__Task to carry out__
Return the full listing unchanged, excluding any images it contains.

__Dataset content__
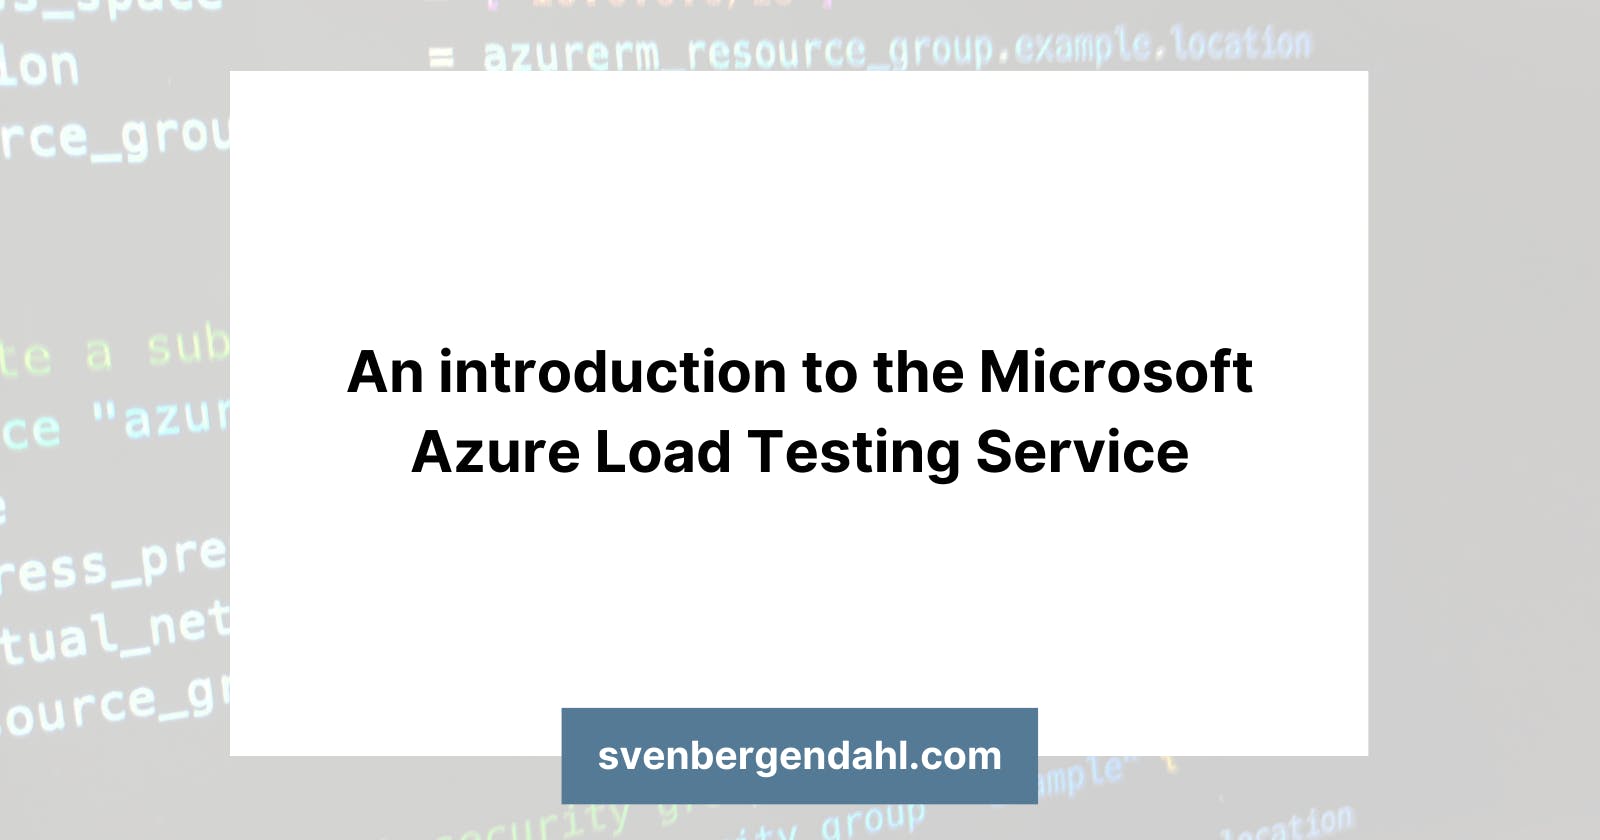 An introduction to the Microsoft Azure Load Testing Service
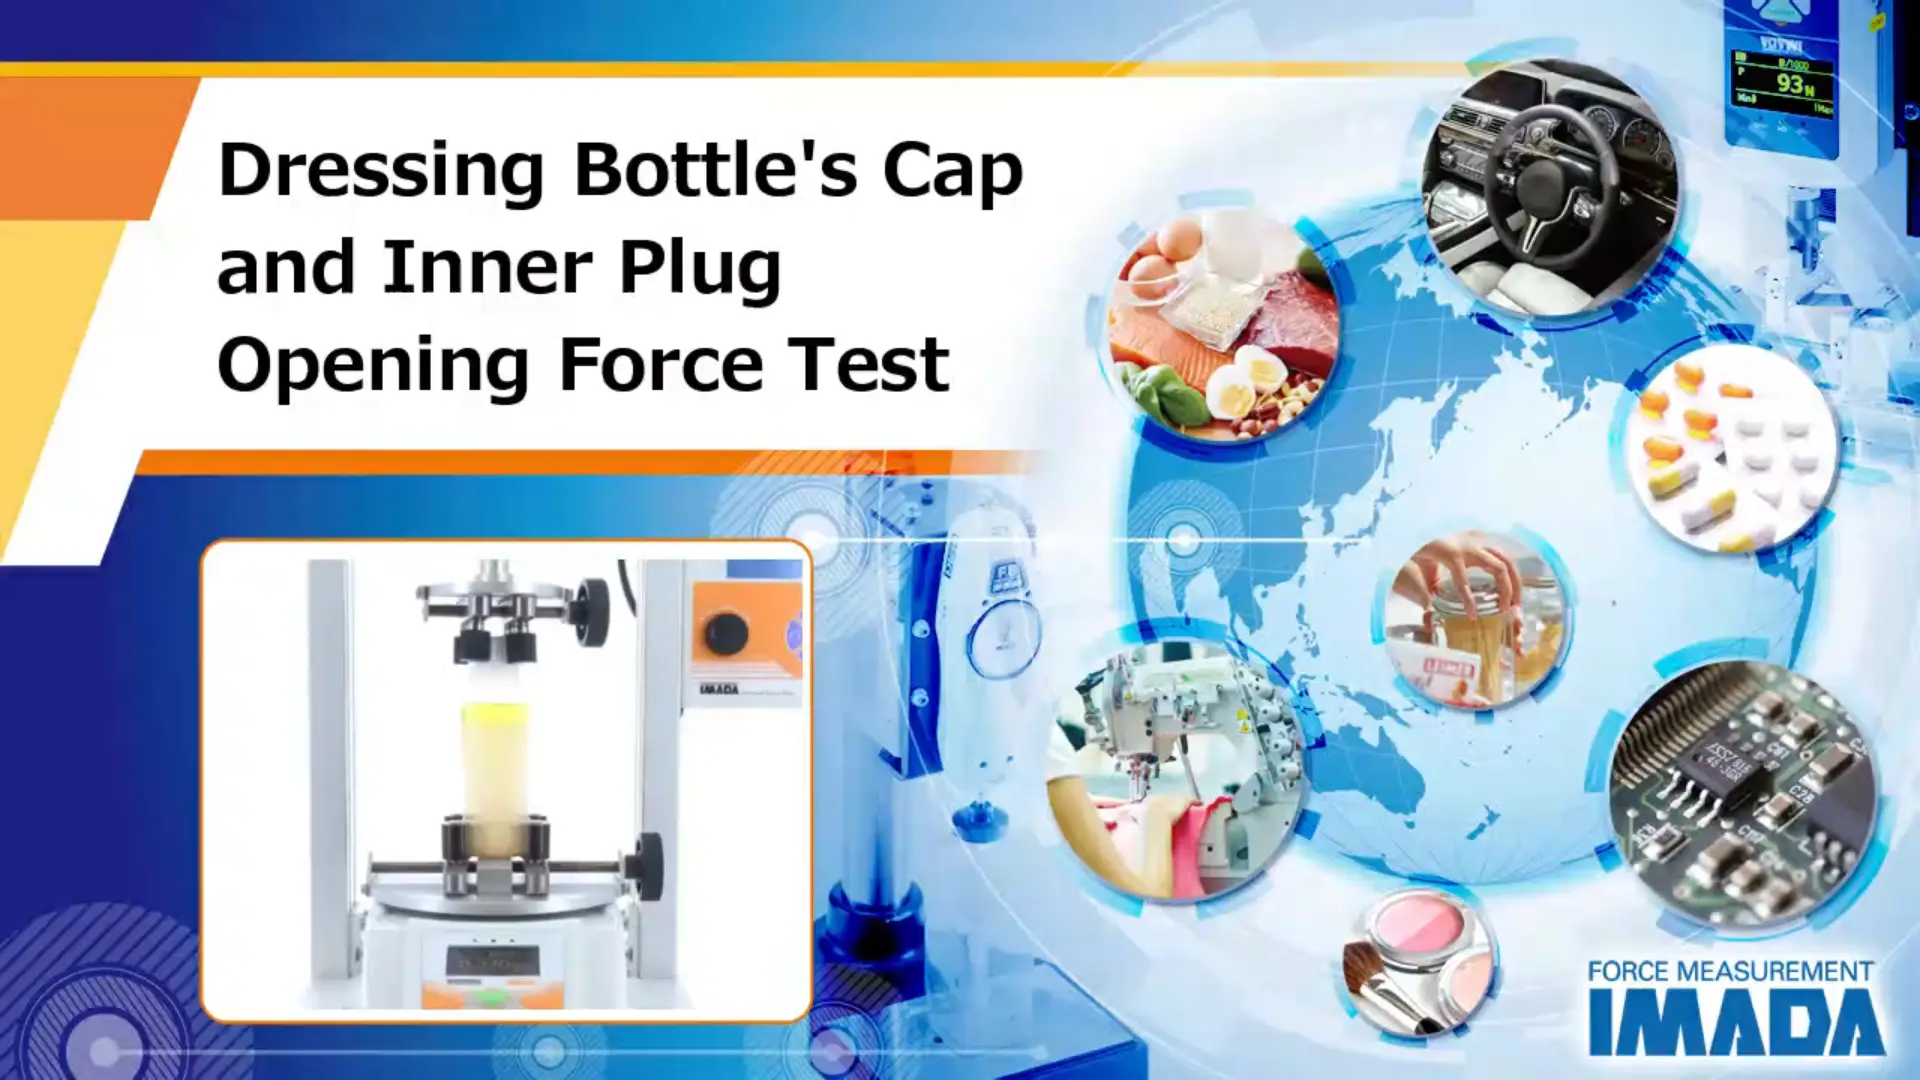 Dressing Bottle's Cap and Inner Plug Opening Force Test
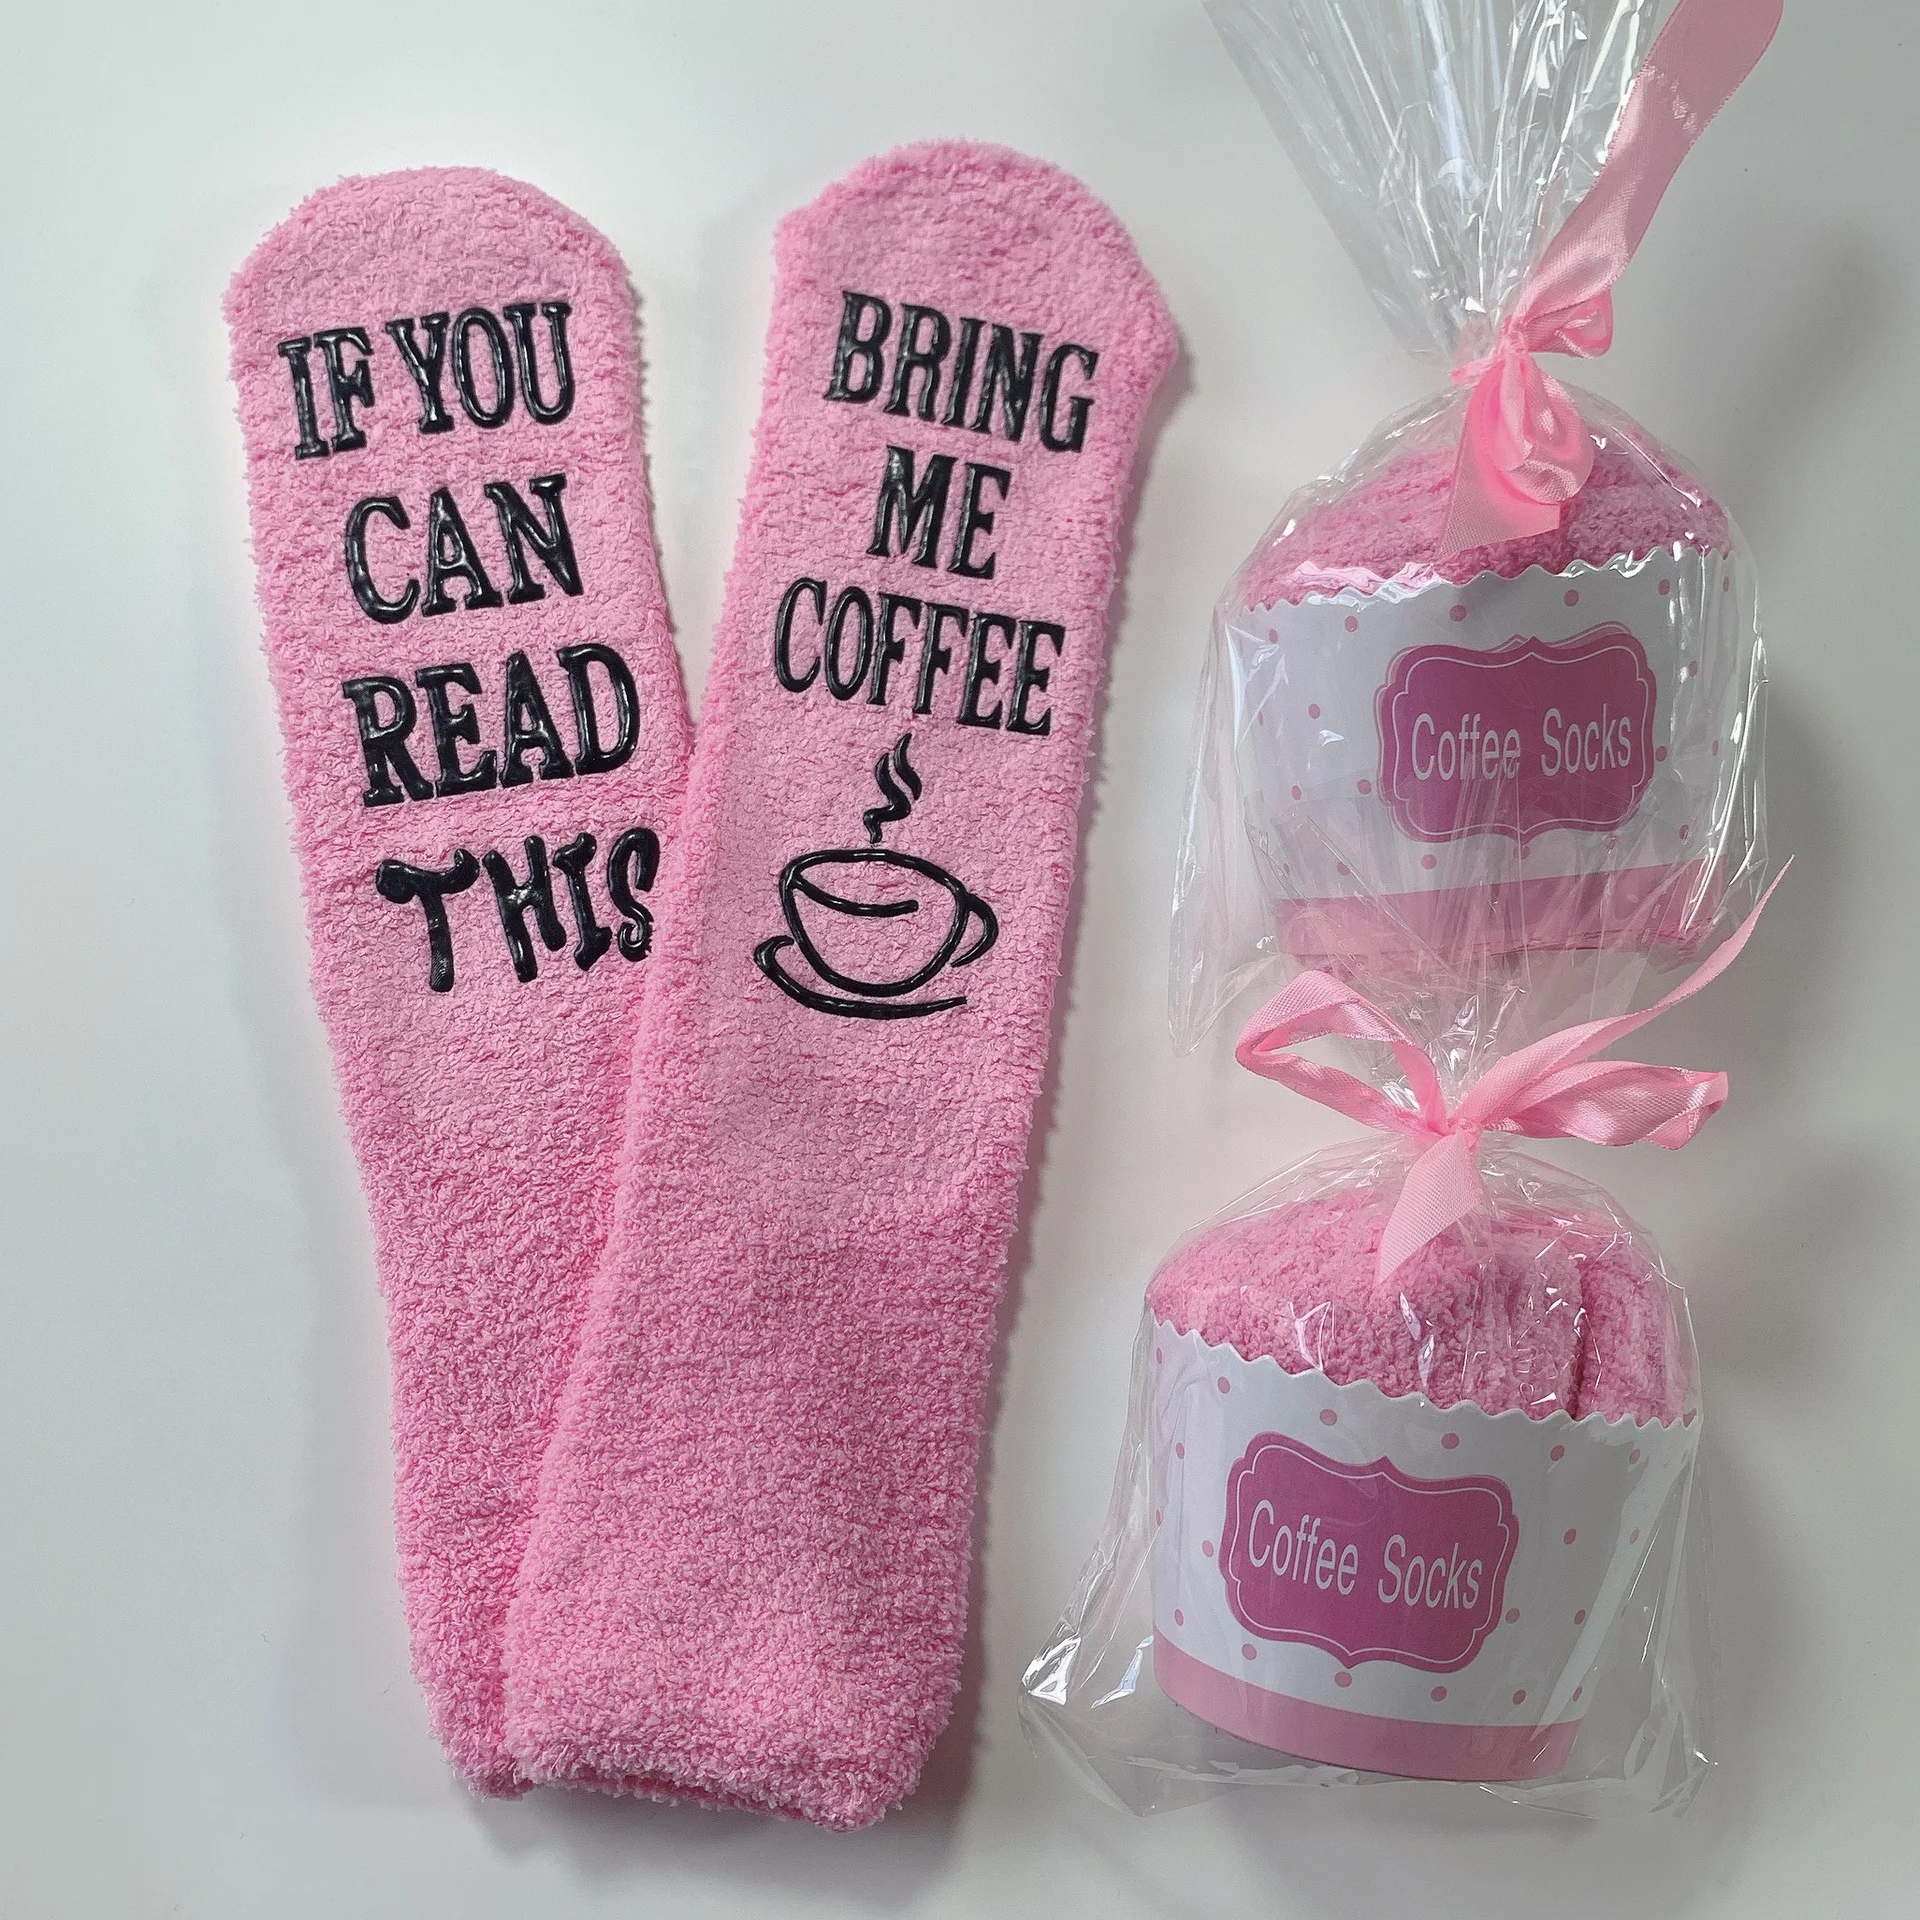 

XIANGHUI If You Can Read This Bring Me Some Wine Socks Pink Coral Velvet Cupcake Socks Fuzzy Socks for Women as Gift

__Written response__
 An introduction to the Microsoft Azure Load Testing Service
 Dressing Bottle's Cap and Inner Plug Opening Force Test

XIANGHUI If You Can Read This Bring Me Some Wine Socks Pink Coral Velvet Cupcake Socks Fuzzy Socks for Women as Gift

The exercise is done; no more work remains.